→ TASK DETAILS: Among the lines below, output only those between the line holding "Кто это, что" and the line holding "Amanecer en la playa - 1680x1050", inclusive, exactly as written and with no pictures.

→ PROVIDED MATERIAL:
■ ■ ■ ■
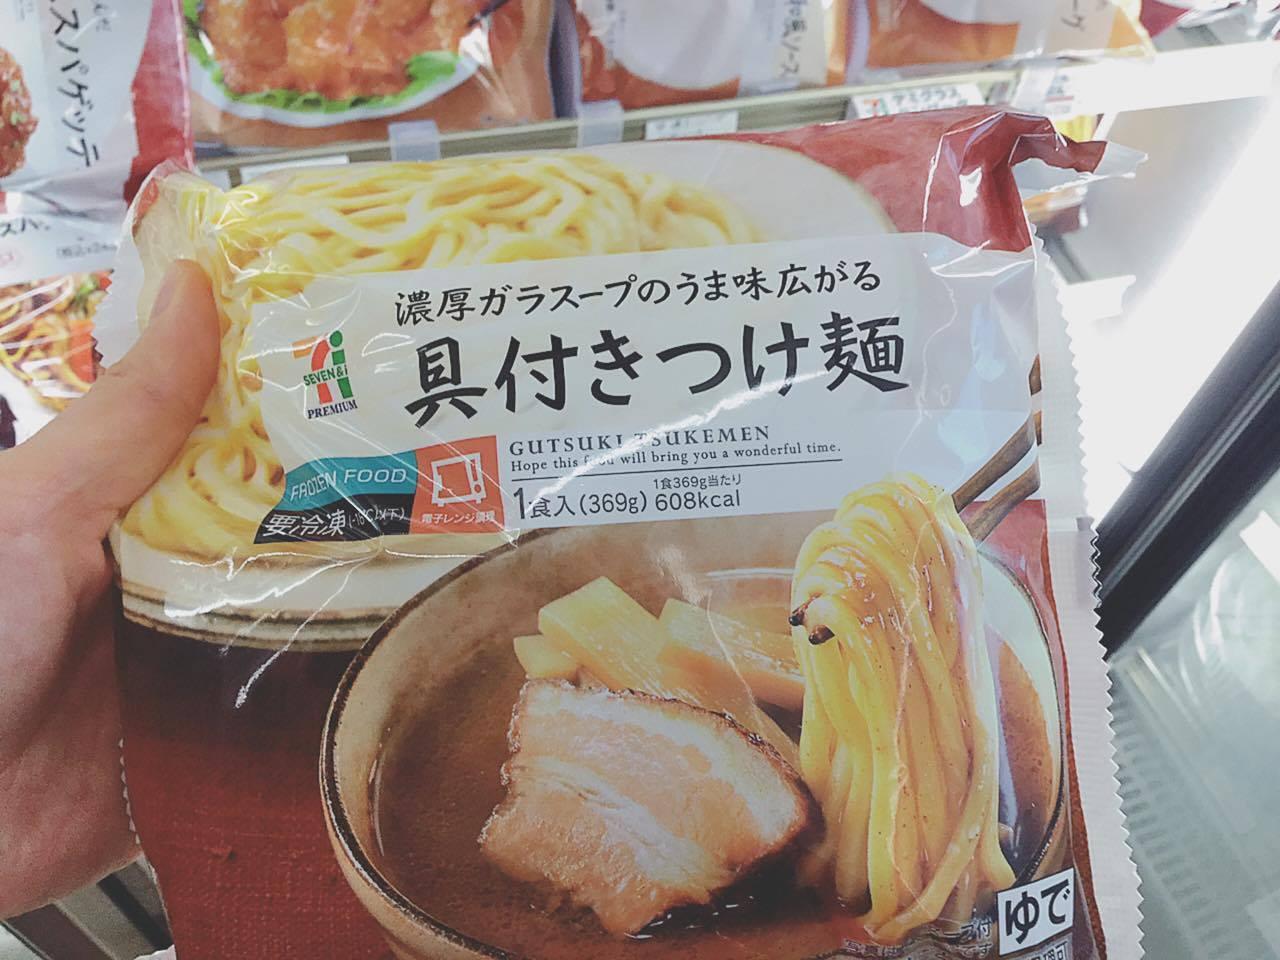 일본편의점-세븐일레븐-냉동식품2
■ ■ ■ ■
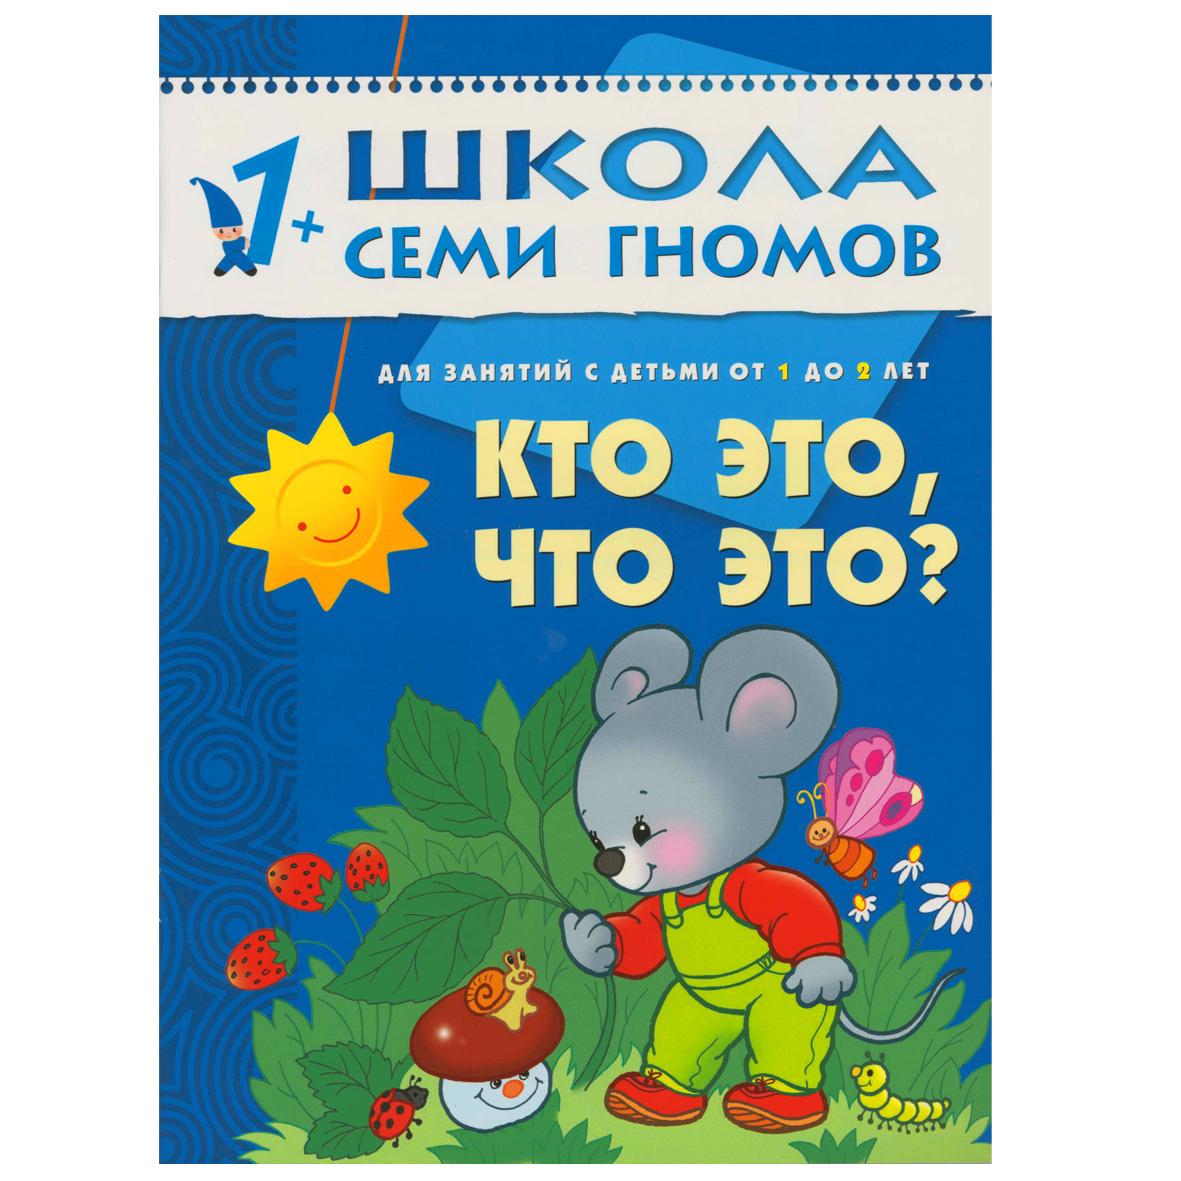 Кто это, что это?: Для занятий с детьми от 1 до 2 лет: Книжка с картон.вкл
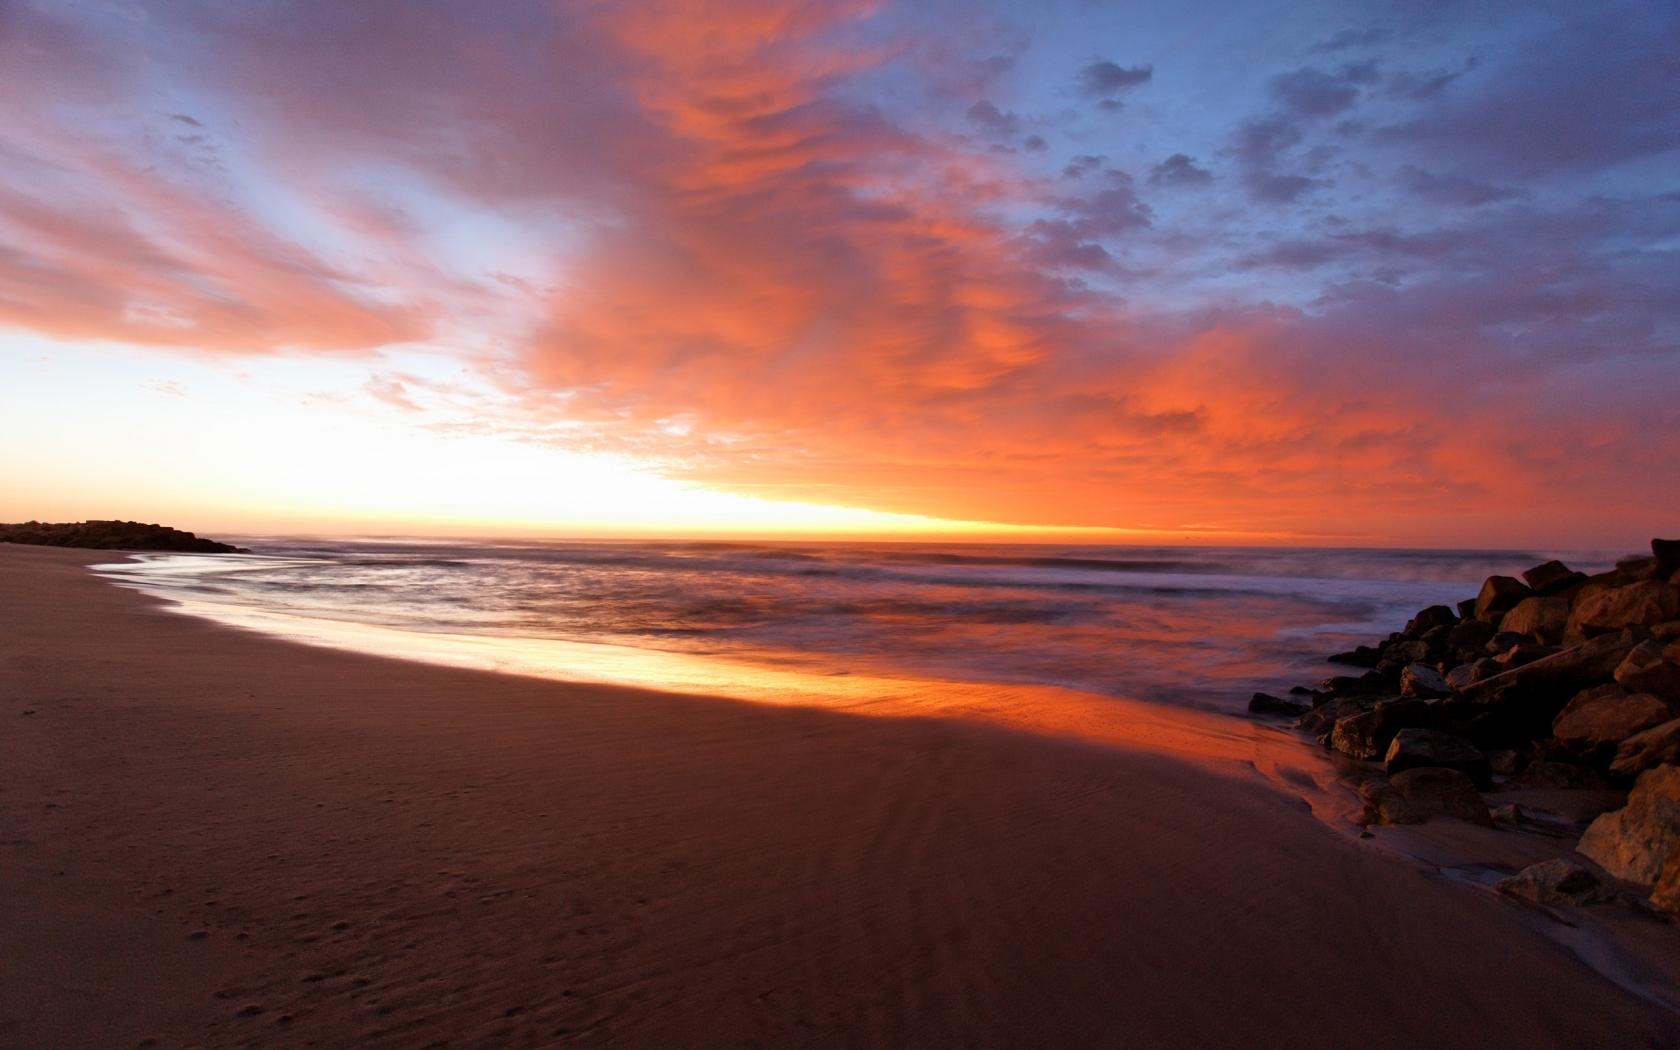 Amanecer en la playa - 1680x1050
■ ■ ■ ■
→ ANSWER TO THE EXERCISE:
 Кто это, что это?: Для занятий с детьми от 1 до 2 лет: Книжка с картон.вкл
 Amanecer en la playa - 1680x1050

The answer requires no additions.